Его разбитое лицо упиралось подбородком в грудь. Ноги обжигал морозный
накат на дороге. Бушлат остался где-то в «Надежде», и было очень
холодно. Слышалось, как в церкви звонят колокола, возвещая конец
Рождественской службы. Филиппыч приоткрыл левый глаз и увидел, как
медленно поднимается перед ним дорога. Вот накат все ближе и ближе.
Когда дорога стукнула его по лицу, разбив нос, он попытался оттолкнуть
ее от себя. На секунду ему это удалось, но потом дорога поднялась так
стремительно, что он не успел даже испугаться. После удара ледяным
накатом по лбу мысли в голове Филиппыча окончательно спутались. Какие-то
воробьи зачирикали в оба уха, перед глазами стали проноситься лица
друзей. Живых и погибших, сбитых над «горячими точками». Вот и лицо
покойной матери. «Это все ефиопы, — объясняет она ему, — а там грешники
мерзнут, не могут согреться. Это тартар».

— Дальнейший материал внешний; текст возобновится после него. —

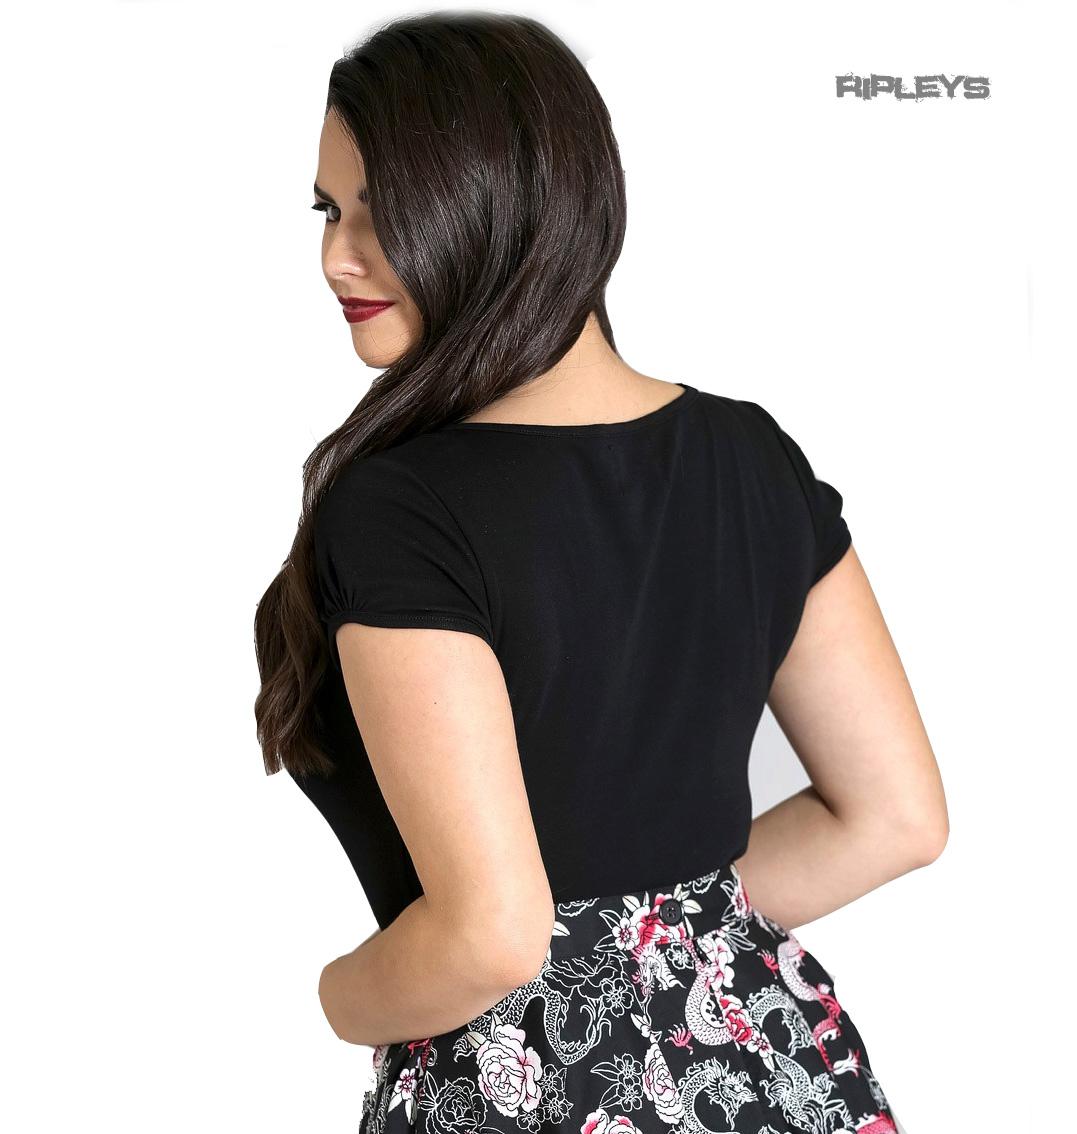 Hell-Bunny-Shirt-50s-Rockabilly-Top-MIA-Plain-Black-Short-Sleeves-All-Sizes thumbnail 40

«Почему меня так морозит?» И вдруг его осенило: «Я же помер! Вот меня и
морозит. Это же тартар! А где же черти? Как страшно! Вот и они! Какие-то
черные, серые! Ну, пусть подойдут поближе, я их!» Когда два серых
страшных силуэта склонились над Филиппычем, он изо всей силы стукнул
одного кулаком в мохнатое рыло, а другого огрел тяжелыми летными
ботинками, привязанными к правой руке, прямо по сверкающим красным
глазам.
— Вот пьяная сволочь! — заорал один, а другой, который получил
ботинками, молча достал из кармана наручники и зафиксировал за спиной
руки пьяного обидчика. Подъехал «бобик», и двое патрульных поволокли
Филиппыча к нему.
— Куда вы меня тащите?! Я не хочу в тартар, не надо! Господи! Прости
меня, грешного! Не хочу!
В «бобике» уже ждали побитые Гусь, Бабуин и Славка.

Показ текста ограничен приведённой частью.